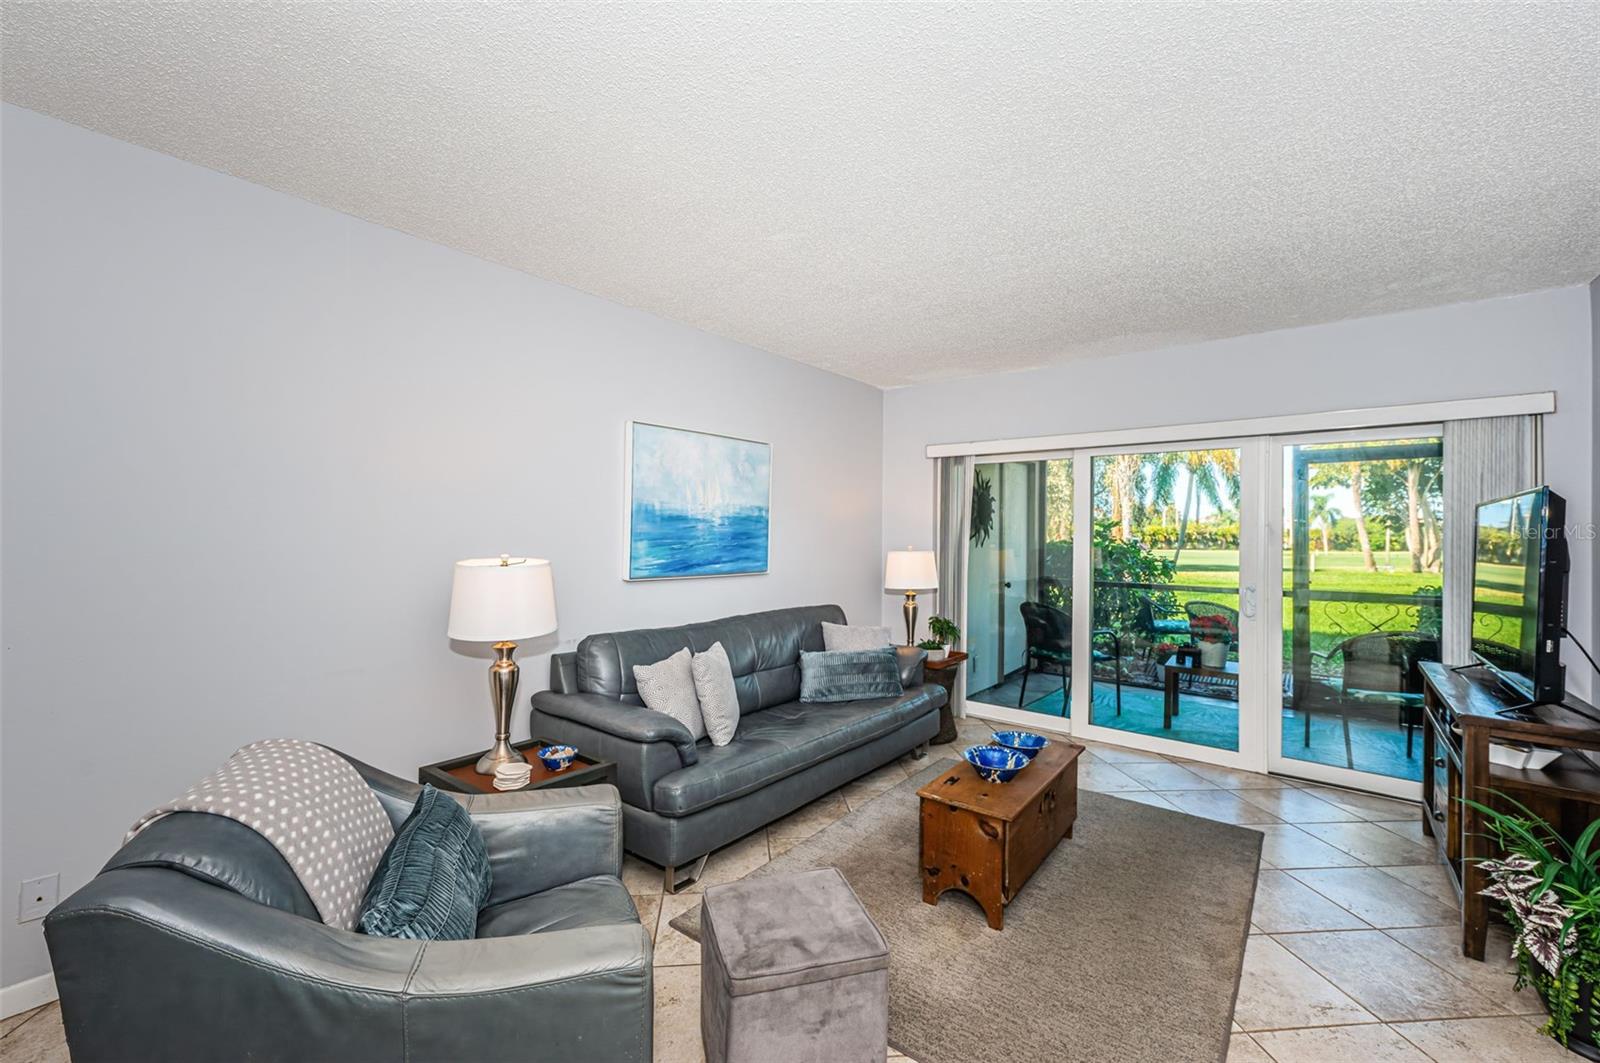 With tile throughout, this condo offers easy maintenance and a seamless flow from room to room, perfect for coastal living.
--
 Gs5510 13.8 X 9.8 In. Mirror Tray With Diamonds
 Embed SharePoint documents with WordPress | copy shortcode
* * *
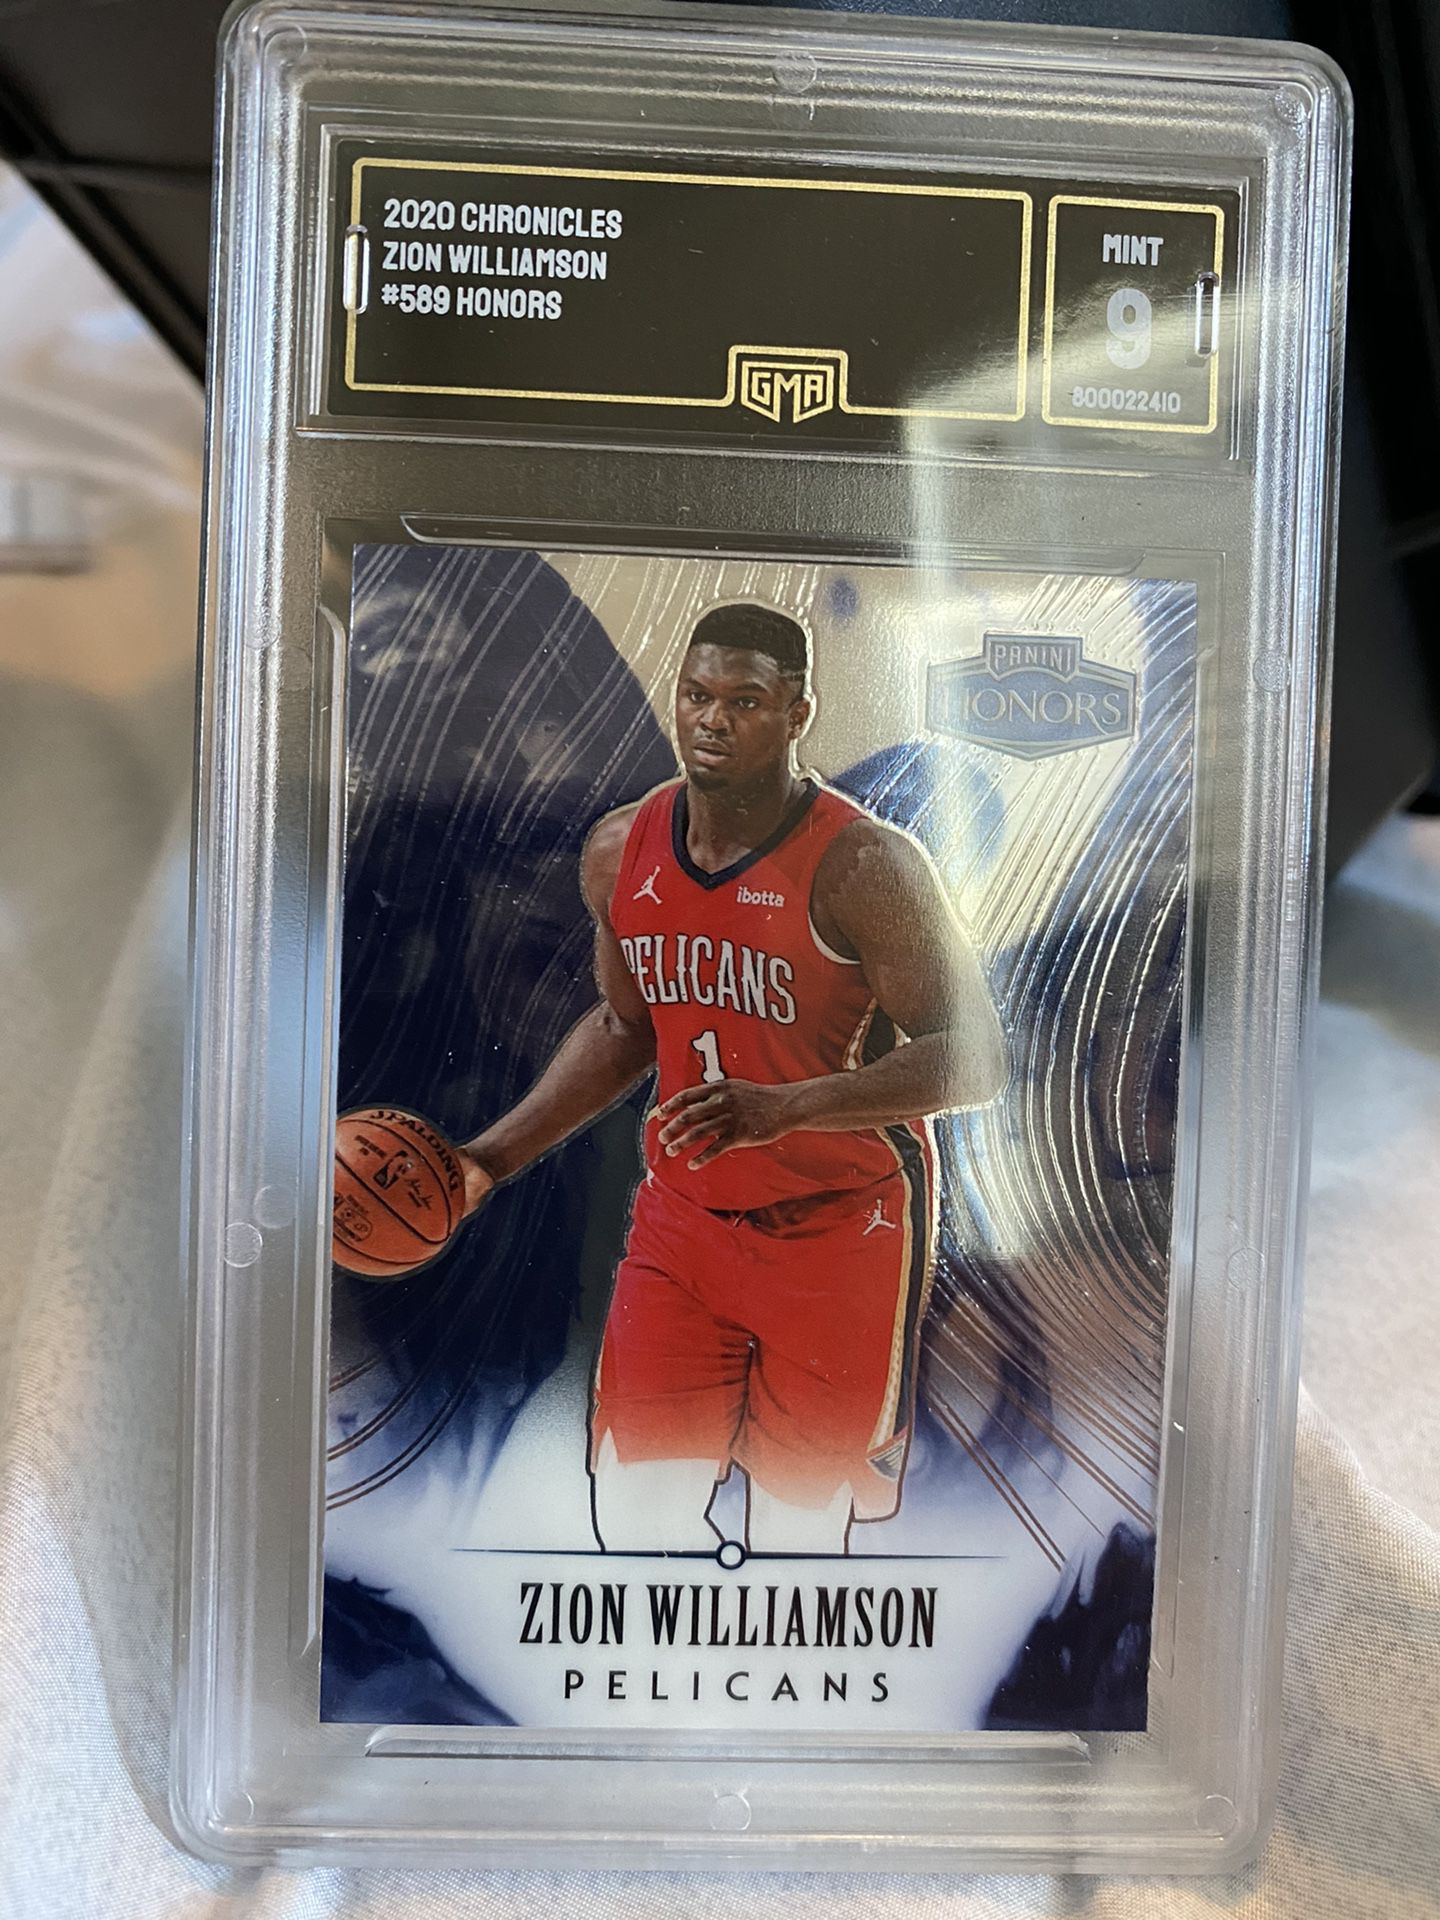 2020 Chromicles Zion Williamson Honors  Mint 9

- [The task]
From the records above, reproduce exactly the lines from the one with "Gs5510 13.8 X" to the one with "Embed SharePoint documents", both included, and no others.

- [Answer to this exercise]
 Gs5510 13.8 X 9.8 In. Mirror Tray With Diamonds
 Embed SharePoint documents with WordPress | copy shortcode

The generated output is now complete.